┌──
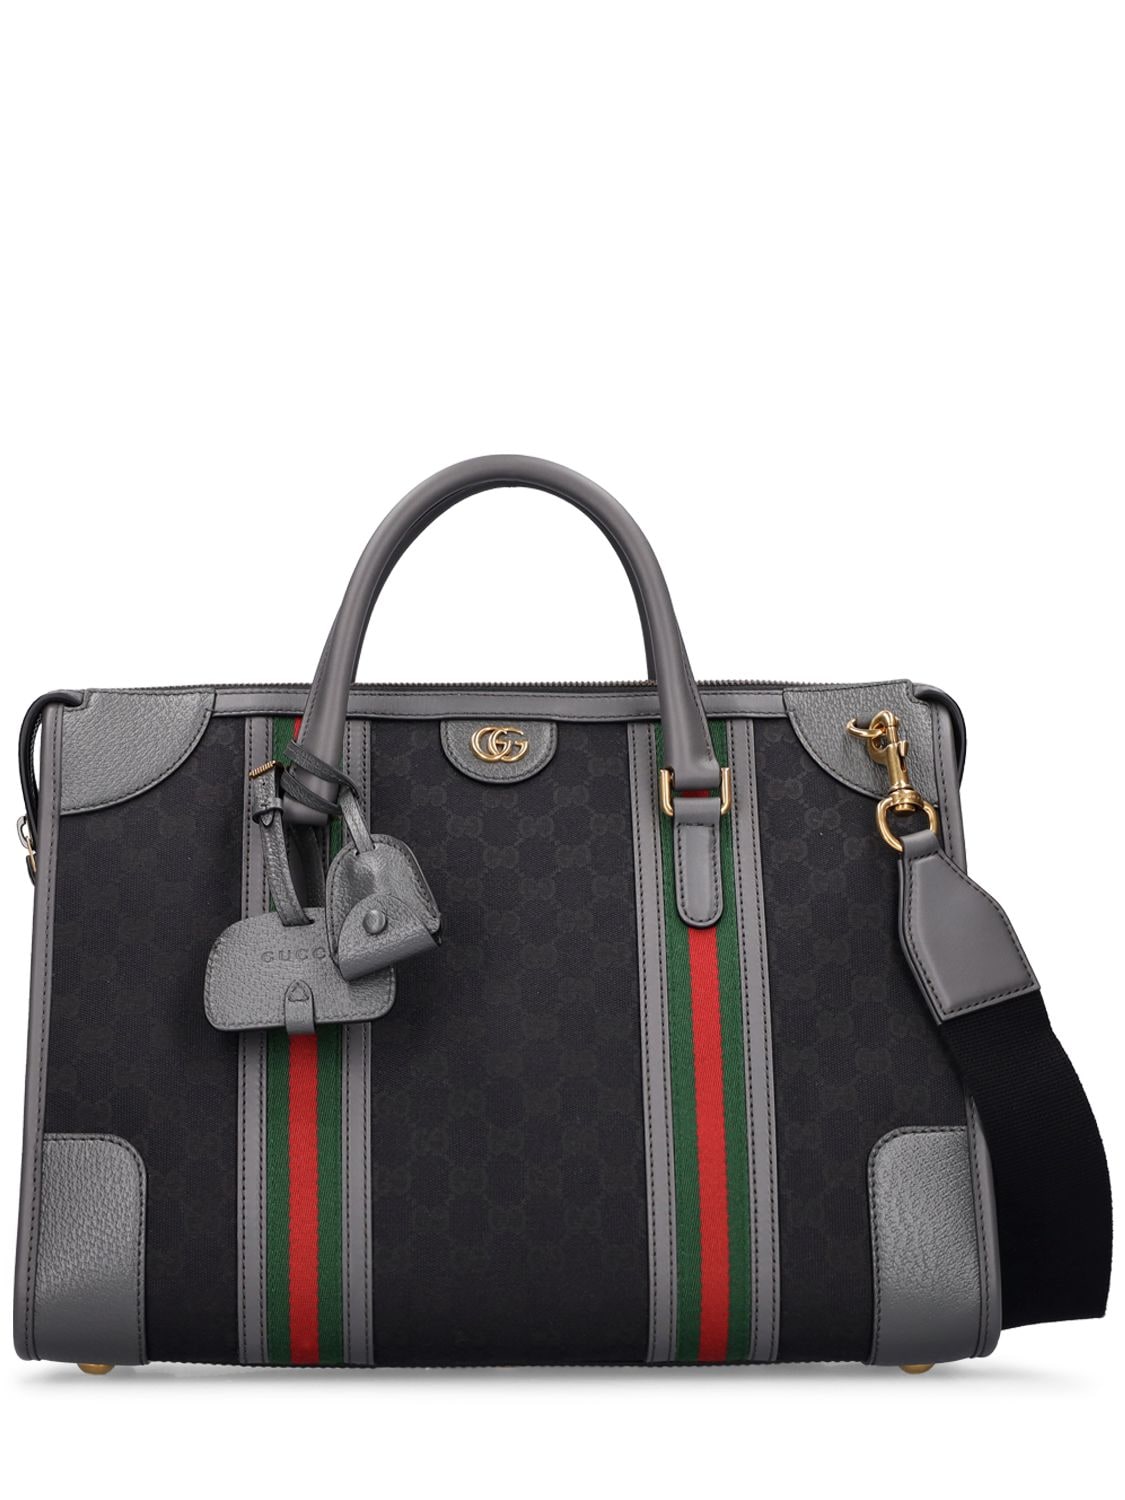 Gucci Bauletto Gg Canvas Carry-on Bag
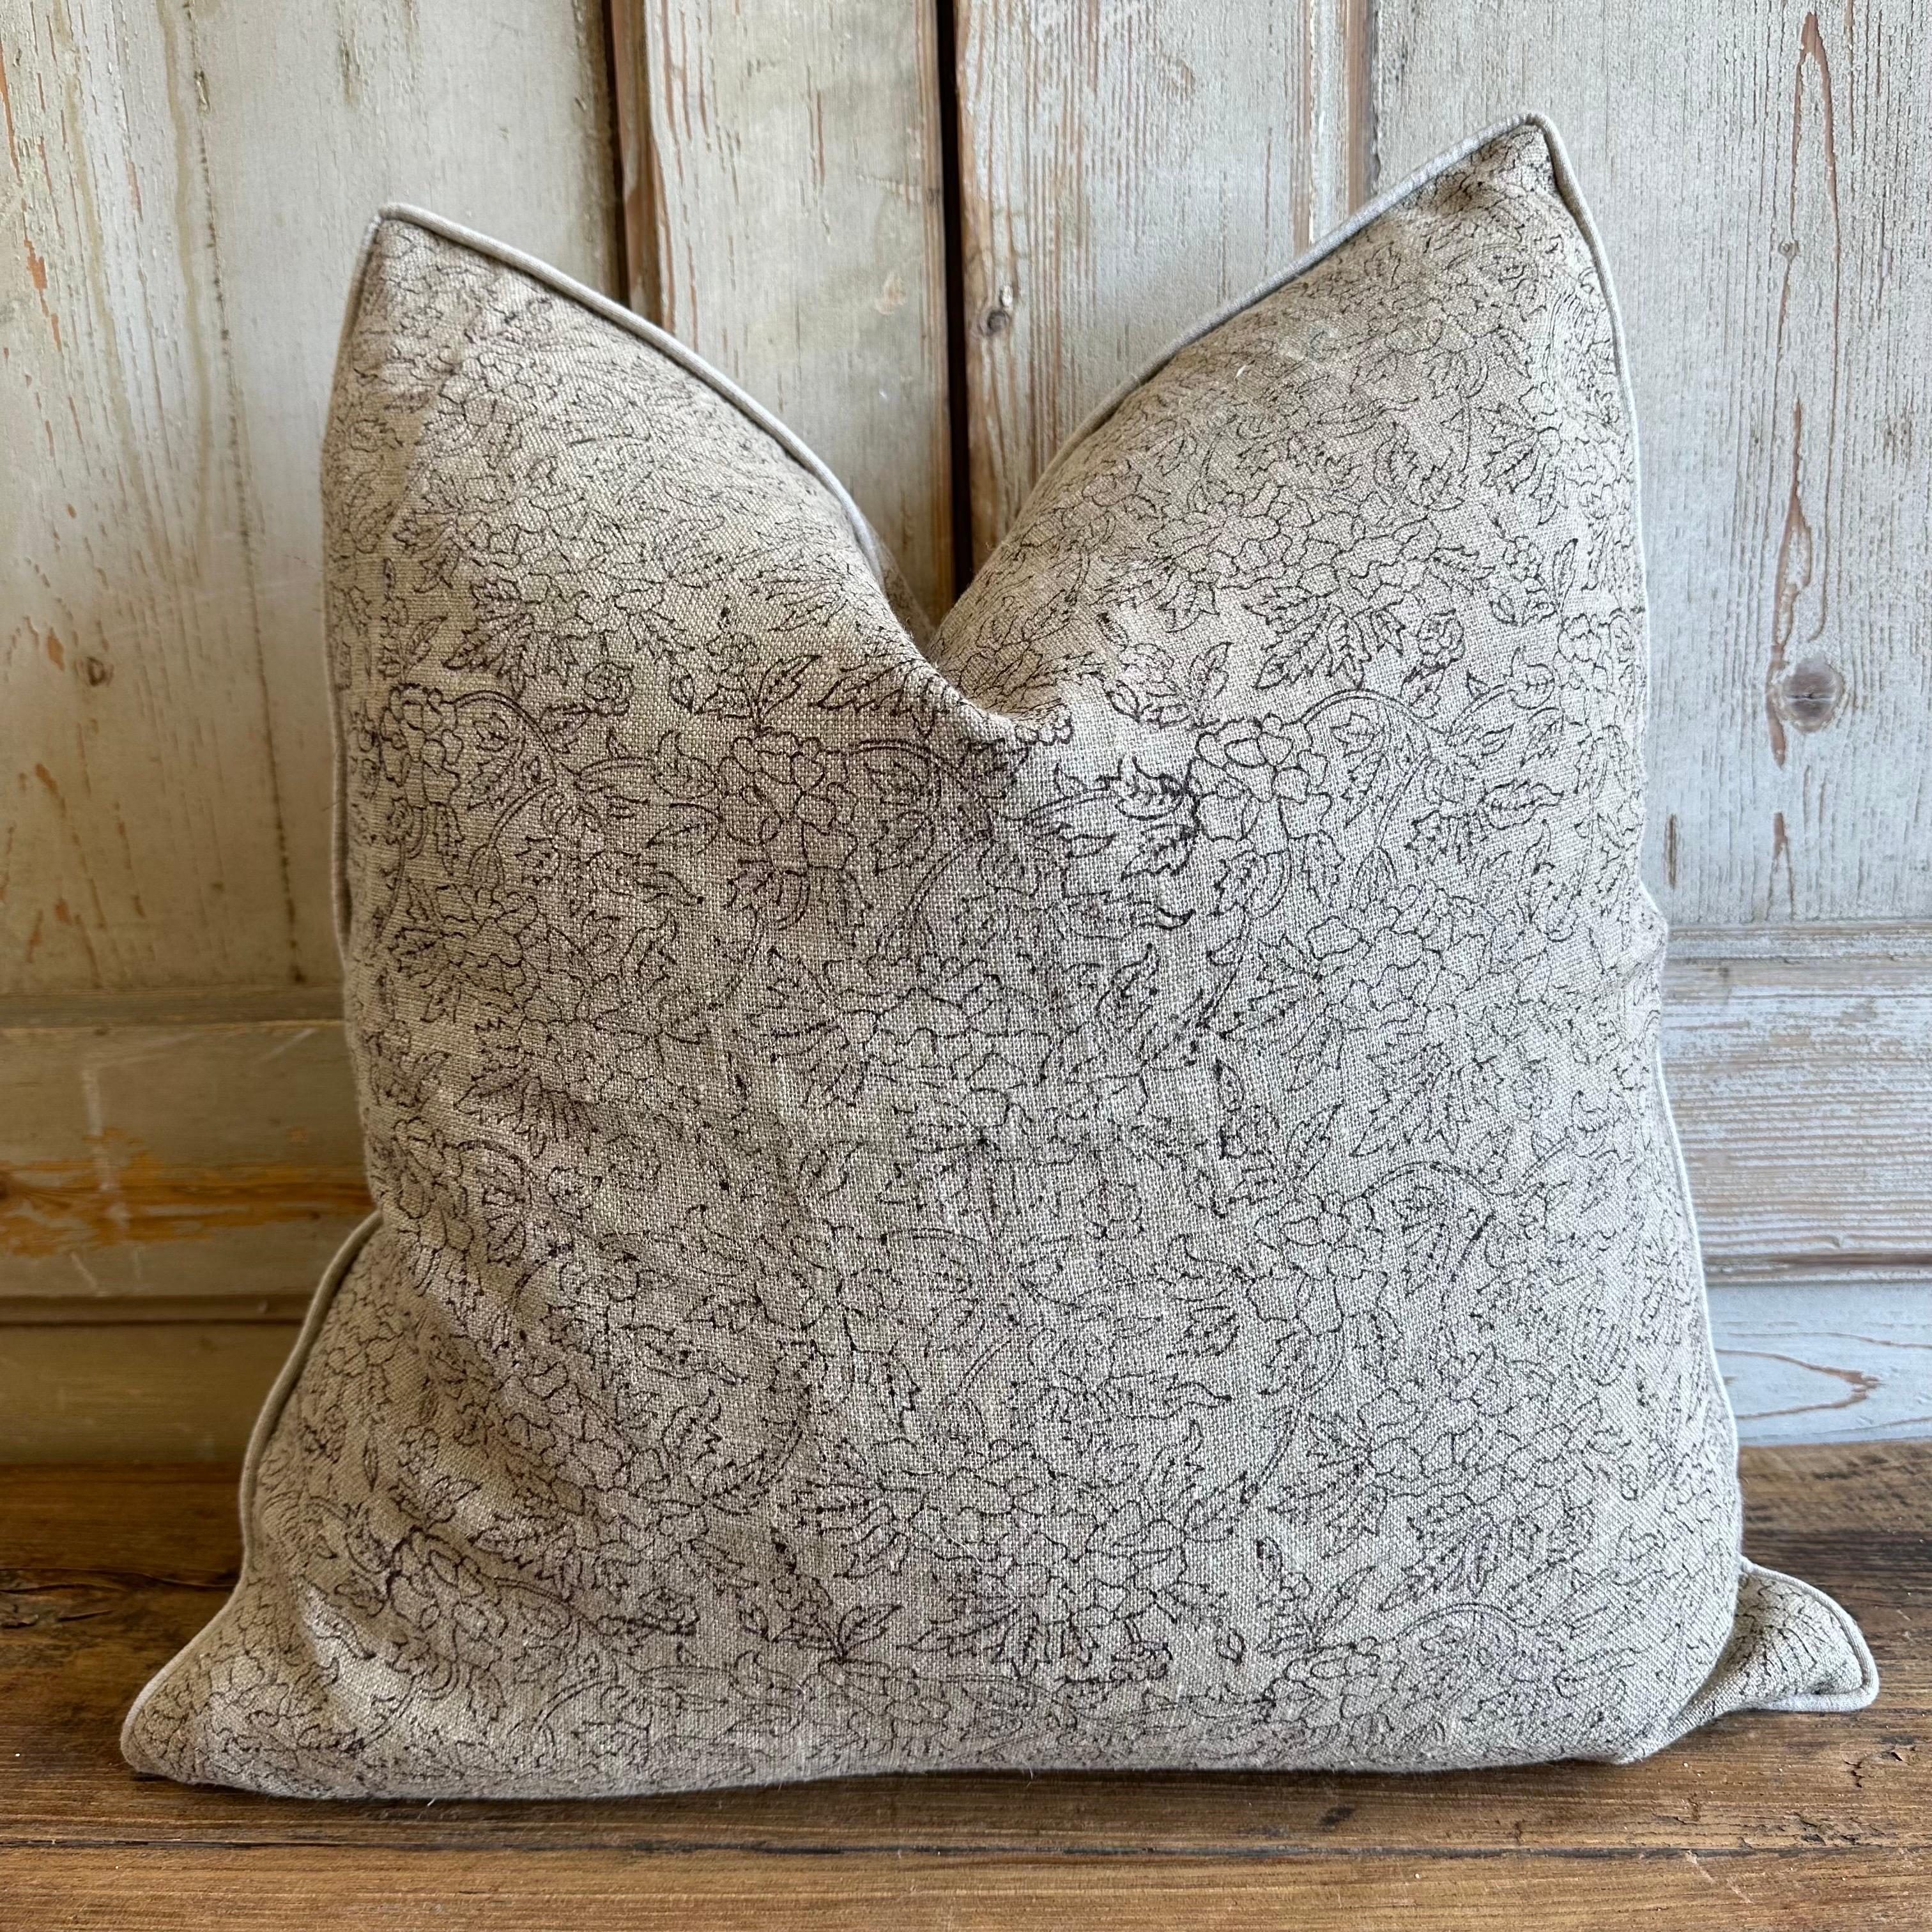 Beautifully hand block-printed pillow on linen fabric. Featuring a botanical pattern in the color Coco brown.
Zipper closure, with welt edge, double sided print/reversible.
Down/ Feather insert is included.
Care Instructions: Dry clean
└──
▶ Exercise description
Could you please return each line of the material exactly, dropping the pictures?

▶ Output
 Gucci Bauletto Gg Canvas Carry-on Bag
 Beautifully hand block-printed pillow on linen fabric. Featuring a botanical pattern in the color Coco brown.
Zipper closure, with welt edge, double sided print/reversible.
Down/ Feather insert is included.
Care Instructions: Dry clean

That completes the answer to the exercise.